Personalized healthcare is based on understanding the context of each patient and following up on their healthcare plan. To this extend systems utilize both sparse clinical data (captured during healthcare center visits and lab tests) and continuous behavioral data (captured throughout the life of the patient at their everyday life using wearables).
The problem addressed by TERMINET in the healthcare domain is data integration, but not focusing on the diverse signal sources (the different devices involves) as on the different settings data is captured: the clinical and the behavioral. Clinical data resides in hospital data centers and cannot be shared. Behavioral data resides on platforms that collect it, like in the UC2 case, Healthentia from iSprint, and are readily obtained by the hospitals that control it. While behavioral data can be mixed with all clinical sites, clinical data from different sites cannot be combined. Hospital dashboards visualize clinical data, but cannot handle behavioral ones, while behavioral dashboards can easily be adapted to include more data types, namely the clinical ones.

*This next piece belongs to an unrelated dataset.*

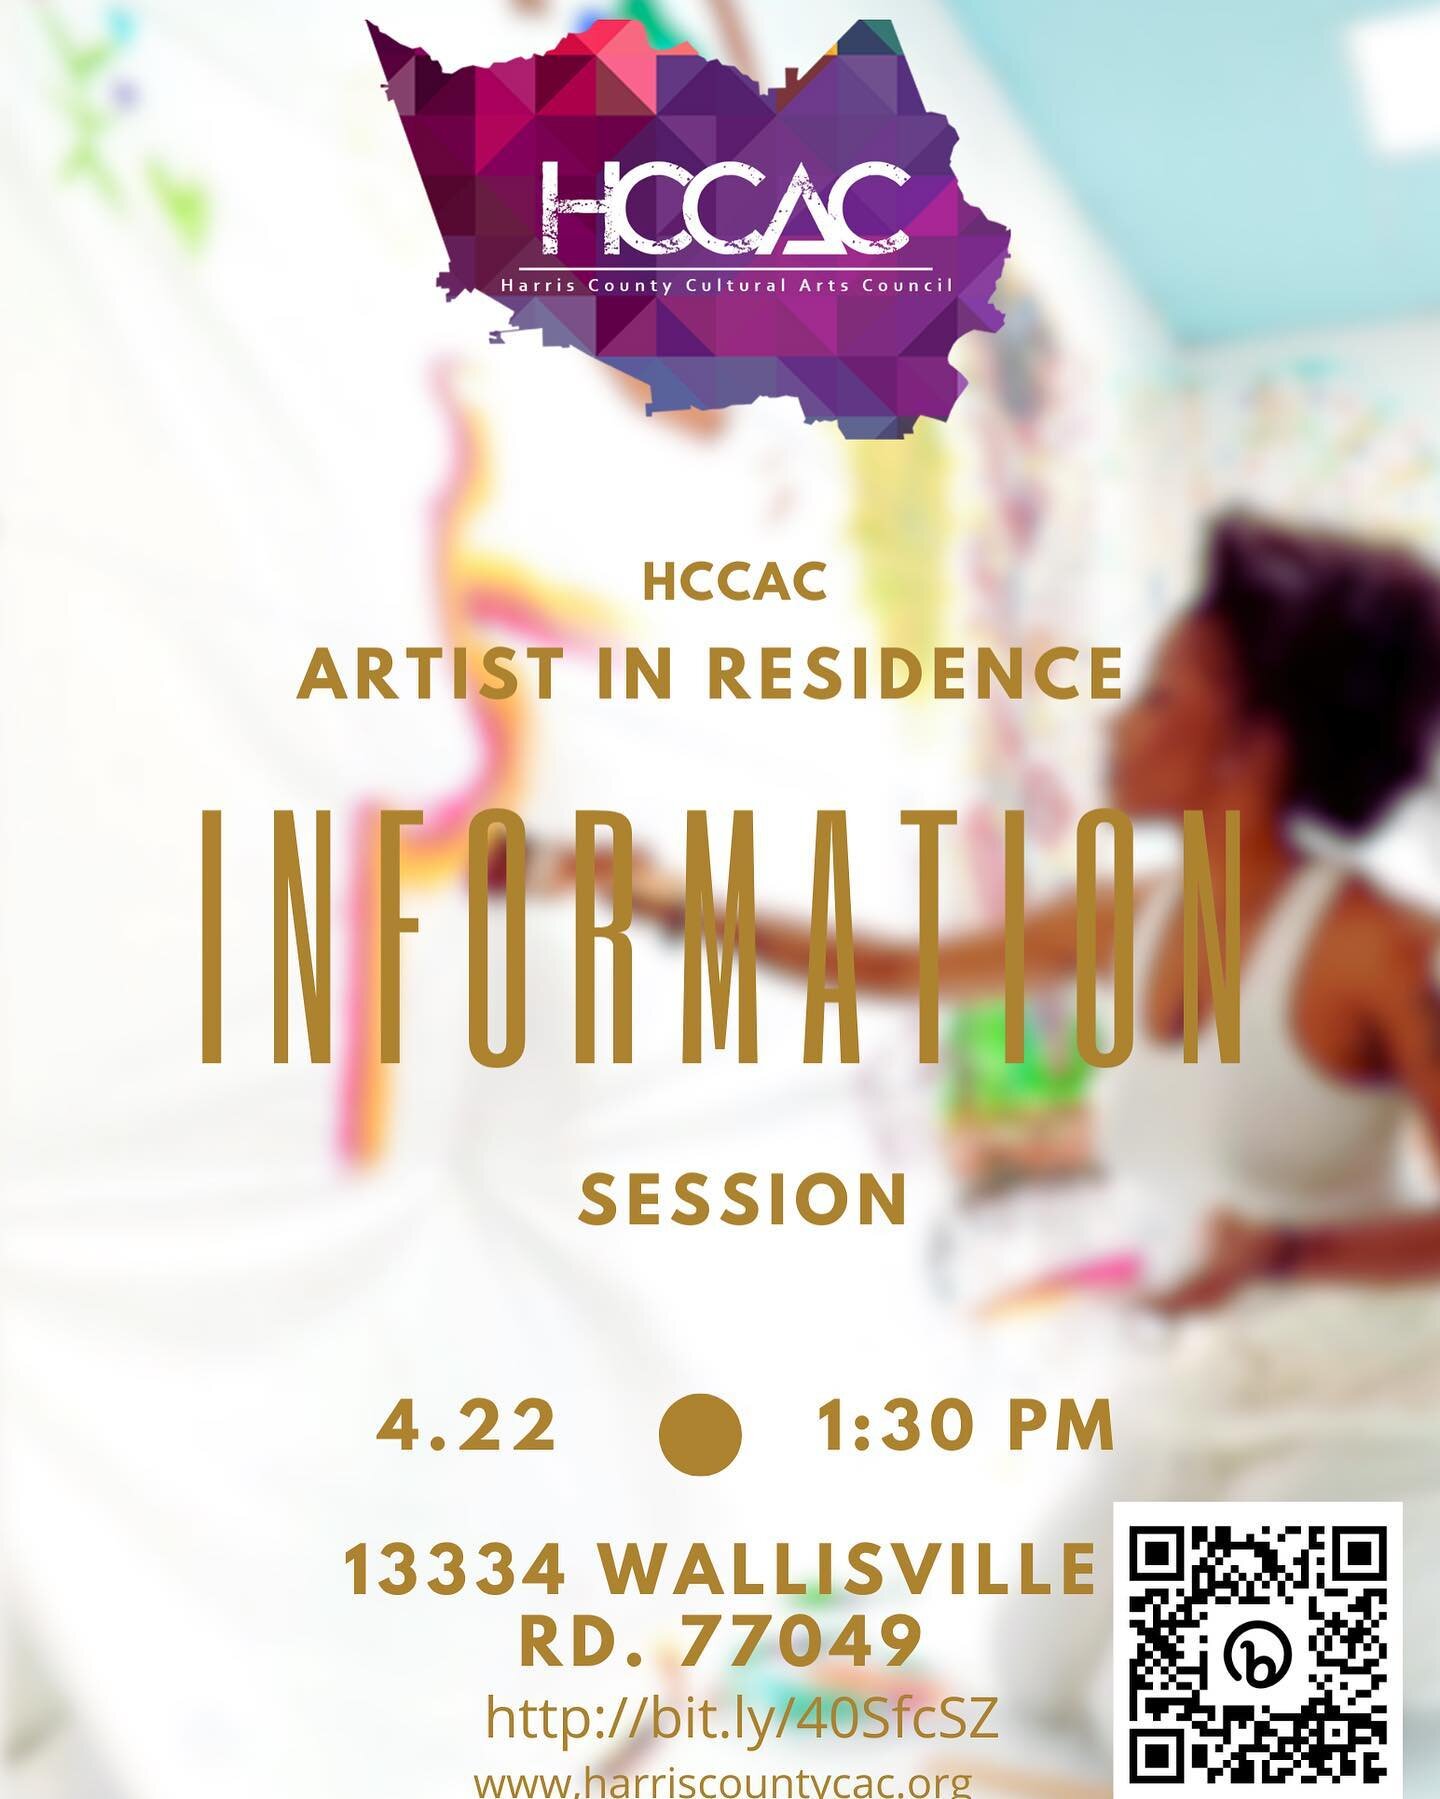 Interested in discovering more about joining our upcoming class of resident artists? We are excited to announce that #HCCAC is hosting an Artist In Residence Information Session and we would love for you to attend!

Attend our session on Saturday, Ap

No matter the constraints discussed above, TERMINET addresses two needs: Clinicians want to visualize both clinical and behavioral data together in a composite clinical dashboard, and models need to be trained to assist them across different data marts maintained at different hospitals. TERMINET technology achieves both needs: The composite clinical dashboard employs the TERMINET components for building dashboards. Its visualizations change based on the location it is launched from. Other TERMINET components facilitate federated learning to learn global models from the local data marts.